Grâce à la puissance de vision dans l’infrarouge du nouveau télescope spatial James-Webb, les coauteurs ont pu étayer leur hypothèse. Il a capté la lumière émise par l’une des plus lointaines et des plus jeunes galaxies connues à ce jour dans notre Univers. Située à environ 13,3 milliards d’années-lumière, GN-z11 est donc née seulement 400 millions d’années après le Big Bang, elle est donc très jeune. C’est la galaxie connue la plus éloignée de nous jamais observée.
L’azote est le signe d’étoiles supermassives
En astronomie, l’analyse du spectre lumineux des objets cosmiques est un élément clé pour en déterminer les caractéristiques. Ici, la lumière émise par cette galaxie a fourni deux précieuses informations. «Il a été établi que cette galaxie abritait de très fortes proportions d’azote et une très forte densité d’étoiles», indique Daniel Schaerer, coauteur de l’étude et professeur associé au Département d’astronomie de la Faculté des sciences de l’UNIGE. Tout porte ainsi à croire que plusieurs amas globulaires sont en cours de formation dans cette galaxie et qu’ils abritent encore une étoile supermassive en activité.

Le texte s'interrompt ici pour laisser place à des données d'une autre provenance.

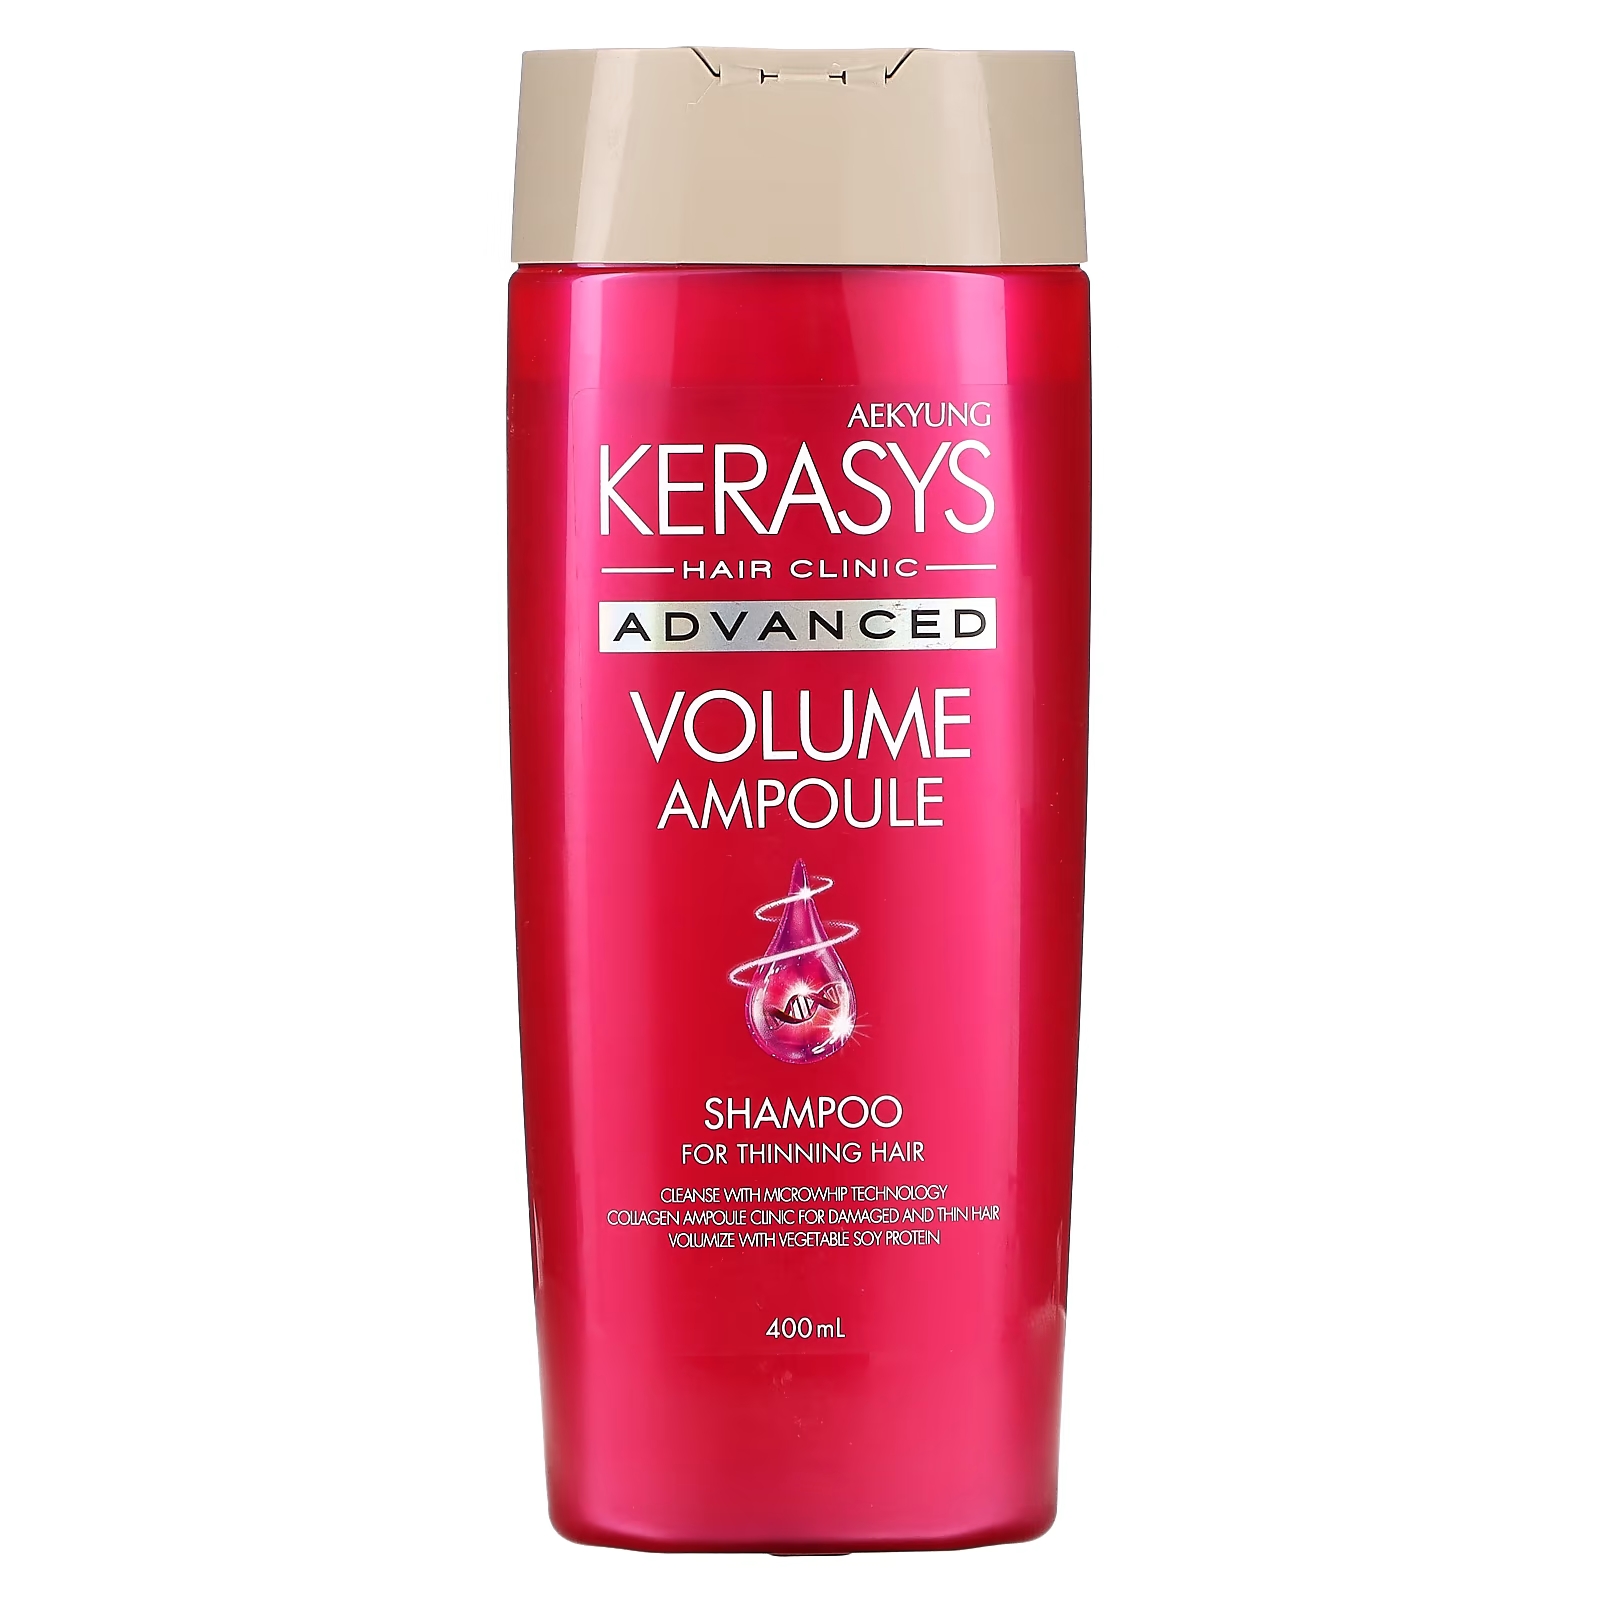 Шампунь Kerasys Advanced Volume Ampoule для редеющих волос, 400 мл norigami яичные обертки с соевым протеином мак 10 тонких оберток 40 г 1 4 унции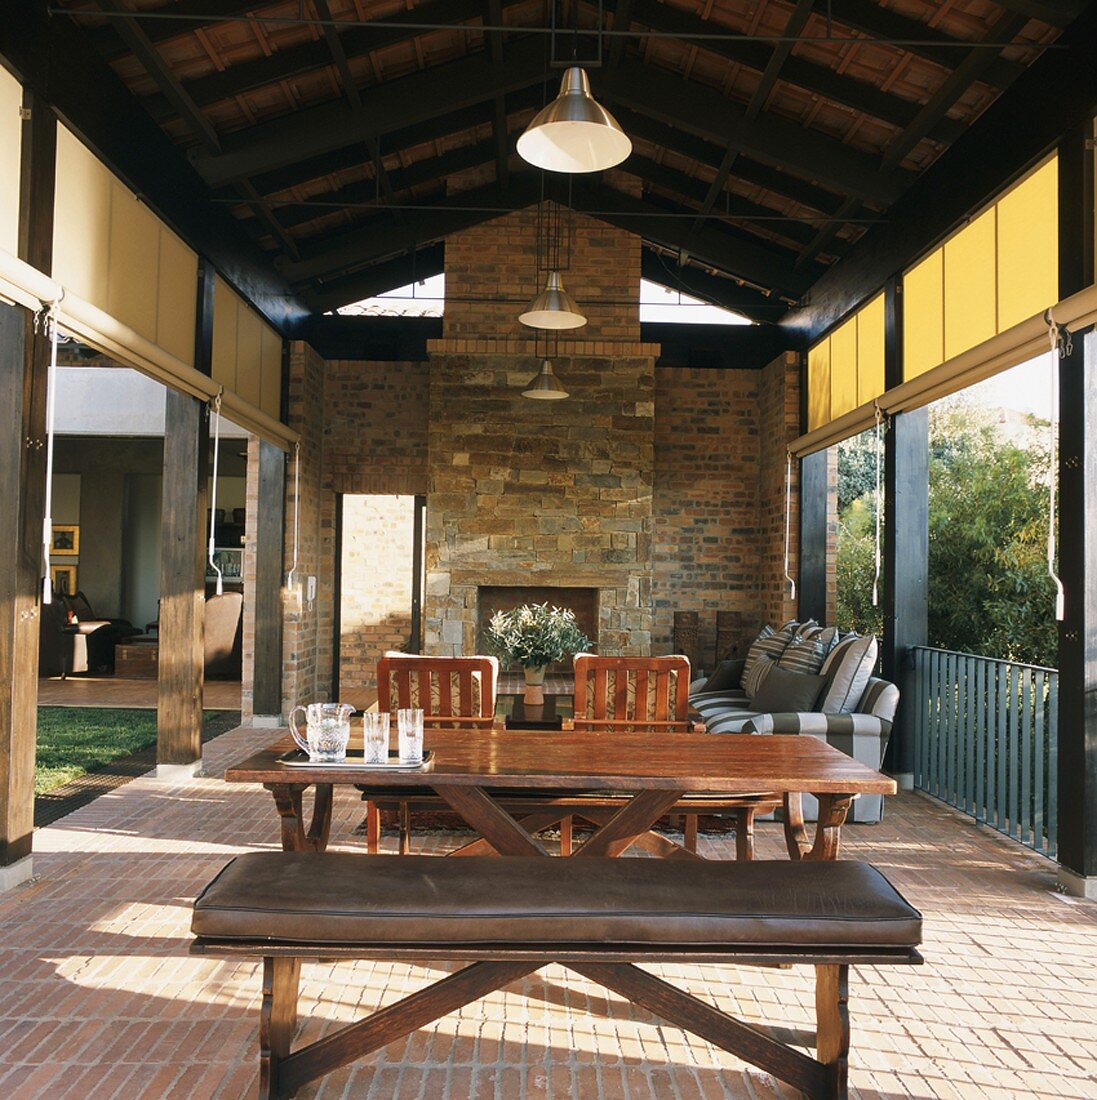 Wohn/Essraum im Freien - Terrasse mit rustikalem Kamin unter der offenen Dachkonstruktion und seitlichen Sonnenschutz-Rollos

«La forte présence d’azote ne peut en effet s’expliquer que par la combustion d’hydrogène à des températures extrêmement élevées, que seul le cœur des étoiles supermassives peut atteindre, comme le montrent les modèles de Laura Ramirez-Galeano, étudiante en Master dans notre équipe», explique Corinne Charbonnel. Ces nouveaux résultats viennent consolider le modèle de l’équipe internationale, le seul actuellement capable d’expliquer les anomalies d’abondance au sein des amas globulaires. La prochaine étape, pour les scientifiques, consistera à tester la validité de ce modèle sur d’autres amas globulaires en formation au sein de galaxies lointaines, en s’appuyant sur les données du télescope James-Webb.